The Steel and Stainless segments have concluded a long-term contract with the local electricity utility for their plant complex in Mobile which guarantees low-cost, reliable supplies. The contract takes into account the power-intensive operation of the electric furnace melt shop. It also contains flexible clauses for long-term cost optimization. This low-cost electricity is essential to allow the profitable production of industrial gases such as oxygen, nitrogen and argon in an air separation plant.

Higher energy costs due to emissions trading

Given the high level of steel production, the CO2 emission allowances allocated to us by the German government for the second EU emissions trading period (2008 - 2012) now underway are inadequate: As a result we will have to purchase emission allowances or comparable certificates. Through Groupwide energy savings, participation in CO2 funds and an efficient procurement strategy, we have been able to limit expense to date. Our expenditure for energy is also increased by the fact that the costs for CO2 emission allowances are fully included in electricity prices. As prices for emission allowances rise in the second trading period, the costs of electricity procurement will increase accordingly.

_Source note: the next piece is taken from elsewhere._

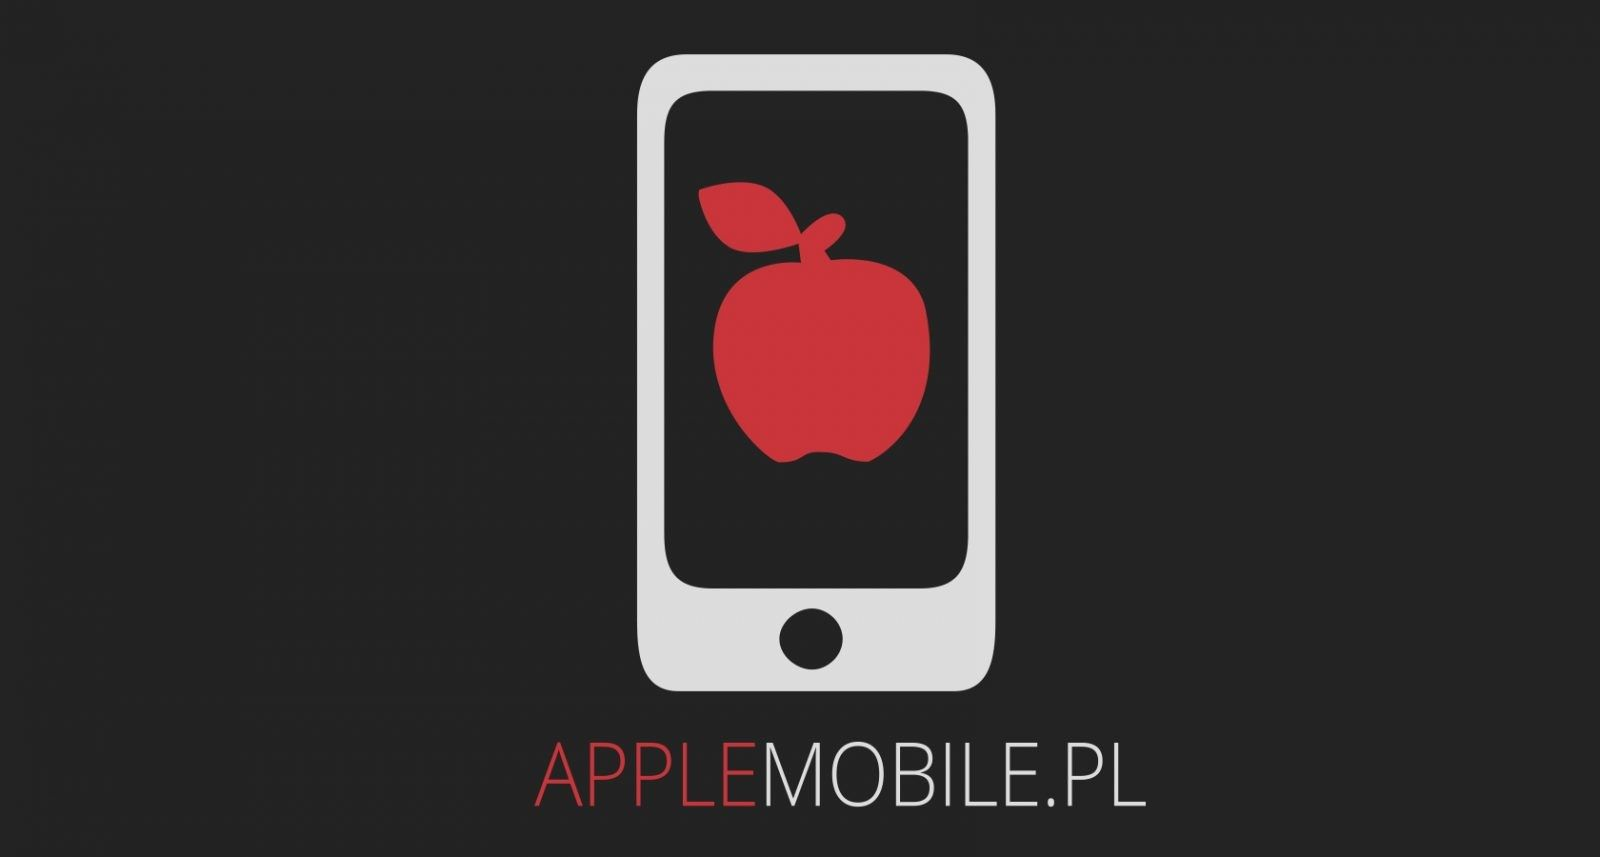 APPLEMOBILE.PL - Serwis iPhone Szczecin. Naprawa Apple. Icon

ThyssenKrupp can look back on a record of success since the merger: In the first year of its existence – 1998/1999 – our Group had 185,000 employees and generated sales of €32 billion and earnings before taxes of €0.6 billion; in 2007/2008 we had almost 200,000 employees, sales of over €53 billion and earnings before taxes of €3.1 billion.

2007/2008 was a good year for the Group. In many areas our performance was better than expected, even though the market environment was increasingly difficult. Earnings before taxes and major nonrecurring items amounted to €3.5 billion, exceeding our raised forecast of August 2008 of over €3.2 billion.

ThyssenKrupp better then expected in 2007/2008

  • Order intake: increased as expected to €55.2 billion
  • Sales: higher than forecast at €53.4 billion
  • Earnings before taxes: better than expected at €3.1 billion
  • Workforce: higher than planned at 199,000
  • EVA: €304 million higher than budgeted

Planning reviewed

In the uncertain environment of the financial crisis, ThyssenKrupp has reviewed its plans for fiscal year 2008/2009 and its targets. As a result of the economic downturn, we face a significant decline in business in 2008/2009, the extent of which cannot yet be reliably predicted. However, if – as currently forecast – the global economy emerges from the recession and gathers momentum again in 2010, ThyssenKrupp will also return to its long-term growth path.

We are firmly convinced that the growth strategy we initiated in 2005 is right. Adverse effects, such as those caused by the current financial crisis, may create delays, but the long-term success of the Company will remain unaffected. We are pursuing a successful, long-term portfolio optimization program, developing innovative products and processes and positioning ourselves strongly on the world's strategic growth markets. This will secure the future success of the Company.